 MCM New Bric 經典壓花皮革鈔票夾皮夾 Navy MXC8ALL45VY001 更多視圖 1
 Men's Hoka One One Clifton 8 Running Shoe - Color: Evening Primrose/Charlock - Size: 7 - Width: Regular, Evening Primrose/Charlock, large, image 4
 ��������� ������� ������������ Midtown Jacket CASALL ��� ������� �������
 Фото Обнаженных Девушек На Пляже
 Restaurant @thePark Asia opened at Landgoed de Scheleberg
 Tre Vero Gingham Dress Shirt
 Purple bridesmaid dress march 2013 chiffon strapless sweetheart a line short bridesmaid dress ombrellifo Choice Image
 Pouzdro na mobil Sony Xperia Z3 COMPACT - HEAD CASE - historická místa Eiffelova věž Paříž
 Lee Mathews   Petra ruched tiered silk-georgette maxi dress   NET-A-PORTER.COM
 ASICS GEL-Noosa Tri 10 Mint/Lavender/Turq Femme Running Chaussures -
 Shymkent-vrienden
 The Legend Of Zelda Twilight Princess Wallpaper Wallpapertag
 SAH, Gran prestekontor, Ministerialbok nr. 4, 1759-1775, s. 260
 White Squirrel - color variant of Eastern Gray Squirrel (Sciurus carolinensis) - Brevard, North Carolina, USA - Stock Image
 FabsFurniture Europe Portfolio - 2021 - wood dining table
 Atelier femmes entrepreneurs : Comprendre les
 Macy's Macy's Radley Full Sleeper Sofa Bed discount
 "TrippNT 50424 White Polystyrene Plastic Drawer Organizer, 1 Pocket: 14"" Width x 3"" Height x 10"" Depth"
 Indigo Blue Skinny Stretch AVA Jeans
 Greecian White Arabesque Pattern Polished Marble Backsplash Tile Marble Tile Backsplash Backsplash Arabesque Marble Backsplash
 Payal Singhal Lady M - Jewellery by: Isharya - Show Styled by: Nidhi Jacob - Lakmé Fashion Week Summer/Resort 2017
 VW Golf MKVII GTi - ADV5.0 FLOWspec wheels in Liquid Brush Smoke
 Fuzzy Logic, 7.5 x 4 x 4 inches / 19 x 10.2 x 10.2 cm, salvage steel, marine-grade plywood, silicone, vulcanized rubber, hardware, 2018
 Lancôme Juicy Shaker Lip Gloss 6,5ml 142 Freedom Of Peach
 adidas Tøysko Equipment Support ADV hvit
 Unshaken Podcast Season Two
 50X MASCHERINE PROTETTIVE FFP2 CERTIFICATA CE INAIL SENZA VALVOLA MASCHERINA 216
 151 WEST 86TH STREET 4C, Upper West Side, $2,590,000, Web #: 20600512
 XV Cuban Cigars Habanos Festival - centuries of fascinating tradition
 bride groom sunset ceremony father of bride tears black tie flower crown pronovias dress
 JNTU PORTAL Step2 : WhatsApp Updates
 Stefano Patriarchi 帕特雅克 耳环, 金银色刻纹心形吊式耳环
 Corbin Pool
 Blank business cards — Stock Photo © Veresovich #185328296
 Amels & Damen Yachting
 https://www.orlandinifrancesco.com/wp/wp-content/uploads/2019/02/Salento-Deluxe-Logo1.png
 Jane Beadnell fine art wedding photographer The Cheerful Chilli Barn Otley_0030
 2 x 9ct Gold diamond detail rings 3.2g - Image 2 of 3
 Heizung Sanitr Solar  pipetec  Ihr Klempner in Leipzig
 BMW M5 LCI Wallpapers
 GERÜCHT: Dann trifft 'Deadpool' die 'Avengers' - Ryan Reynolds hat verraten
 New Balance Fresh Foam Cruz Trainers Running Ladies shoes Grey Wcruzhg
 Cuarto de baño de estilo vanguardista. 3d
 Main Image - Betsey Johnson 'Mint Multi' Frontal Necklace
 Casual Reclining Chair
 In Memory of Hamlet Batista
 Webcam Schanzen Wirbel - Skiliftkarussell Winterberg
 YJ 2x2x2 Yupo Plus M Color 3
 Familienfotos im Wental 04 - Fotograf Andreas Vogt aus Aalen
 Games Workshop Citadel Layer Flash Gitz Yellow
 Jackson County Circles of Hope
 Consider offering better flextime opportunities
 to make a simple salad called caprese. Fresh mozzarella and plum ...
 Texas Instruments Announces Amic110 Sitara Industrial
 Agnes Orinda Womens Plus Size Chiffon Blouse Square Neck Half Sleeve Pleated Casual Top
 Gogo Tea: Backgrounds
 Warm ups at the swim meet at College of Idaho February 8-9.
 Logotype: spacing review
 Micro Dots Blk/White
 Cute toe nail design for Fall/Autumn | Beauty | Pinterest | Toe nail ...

+-------+

WHAT YOU NEED TO DO:
Select every line in the records above that contains the word "Stock".

REPLY TO THE TASK:
 White Squirrel - color variant of Eastern Gray Squirrel (Sciurus carolinensis) - Brevard, North Carolina, USA - Stock Image
 Blank business cards — Stock Photo © Veresovich #185328296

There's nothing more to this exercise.